Start of Collected material
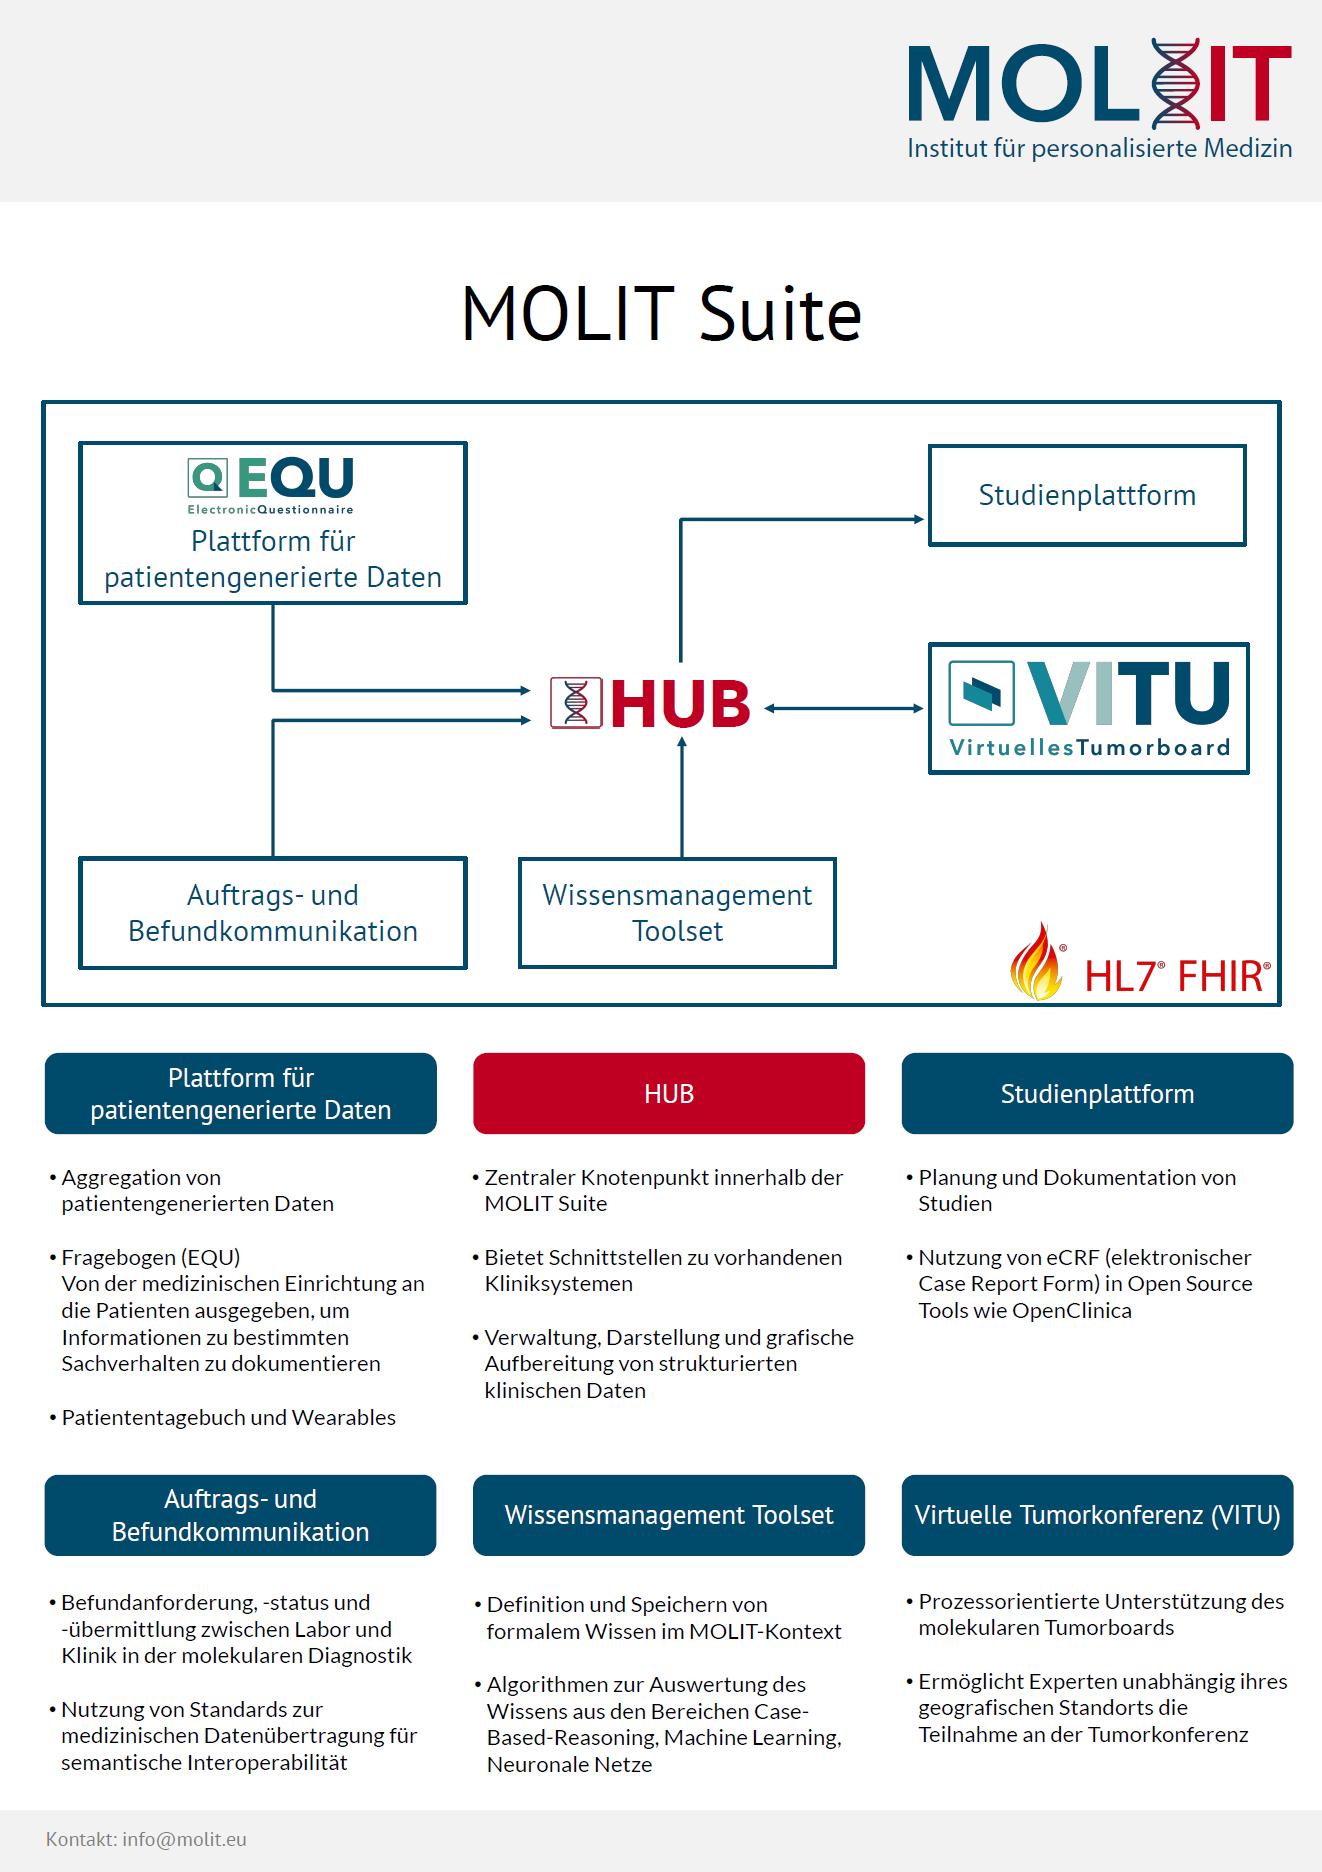 MOLIT Suite
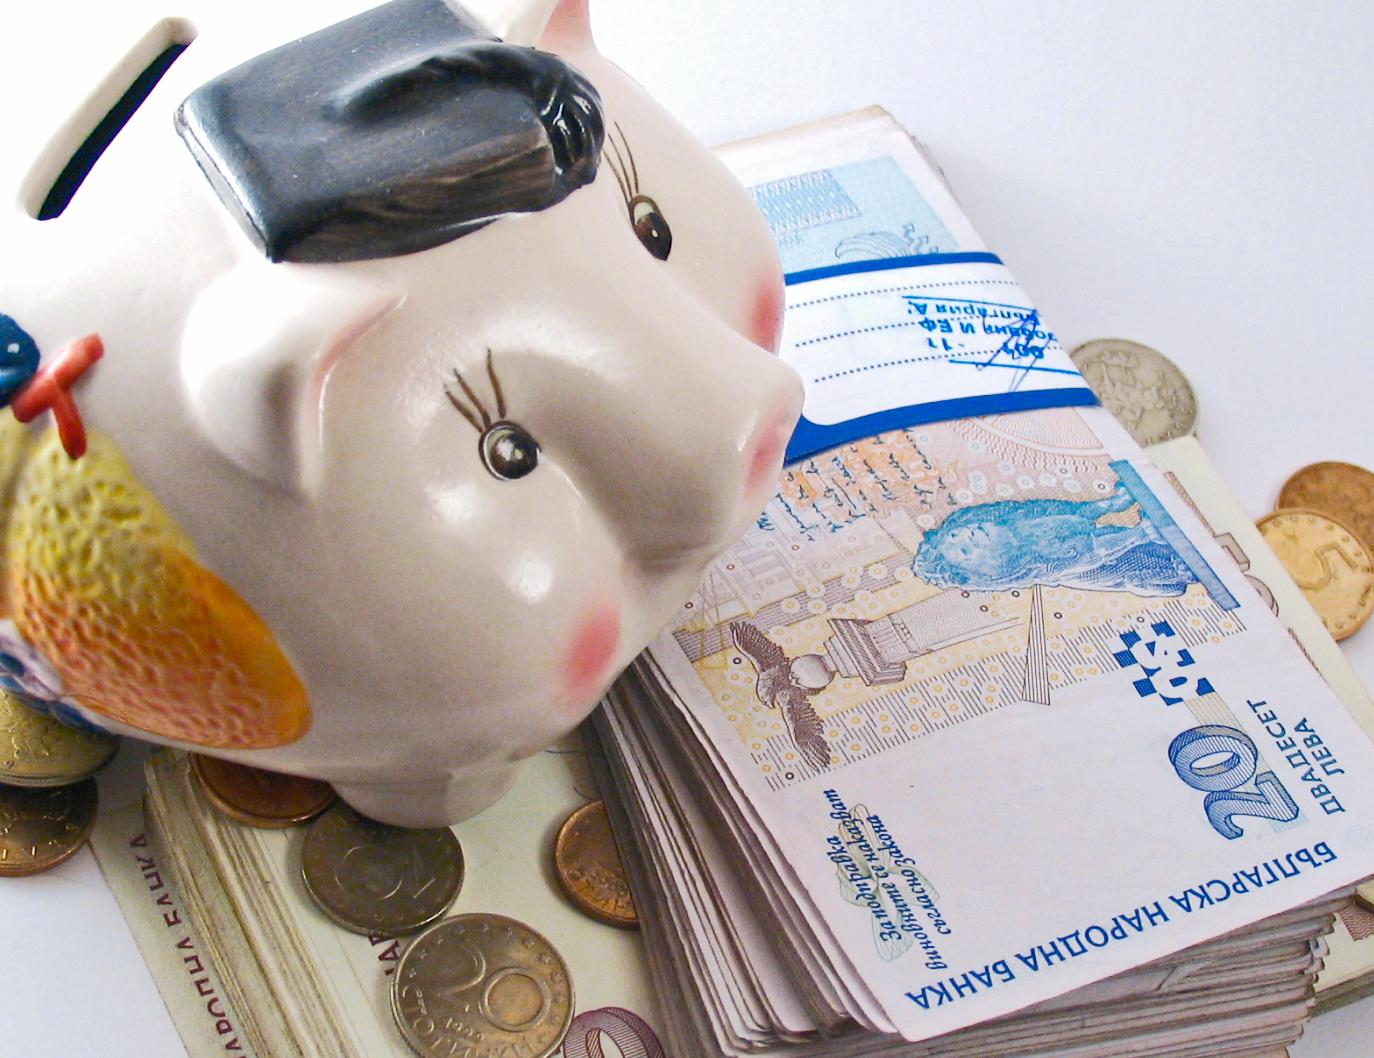 Mais de 2/3 das famílias brasileiras não pensam em poupar. Como resolver isso?
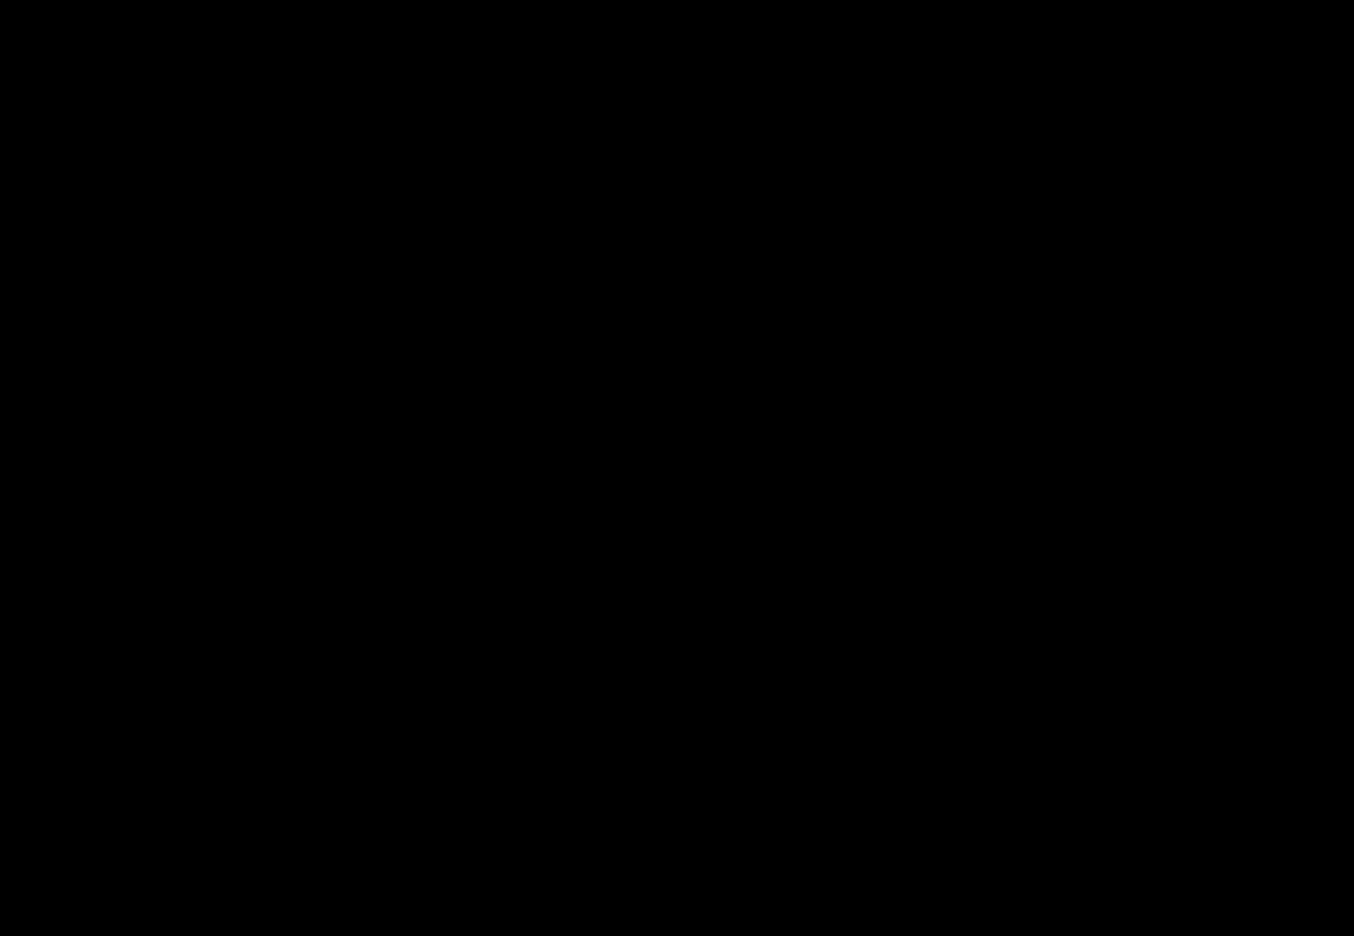 10-Deacetyl Cephalomannine
End of Collected material
*Task to carry out*
Transcribe all the lines above exactly, apart from the pictures.

*Written reply*
 MOLIT Suite
 Mais de 2/3 das famílias brasileiras não pensam em poupar. Como resolver isso?
 10-Deacetyl Cephalomannine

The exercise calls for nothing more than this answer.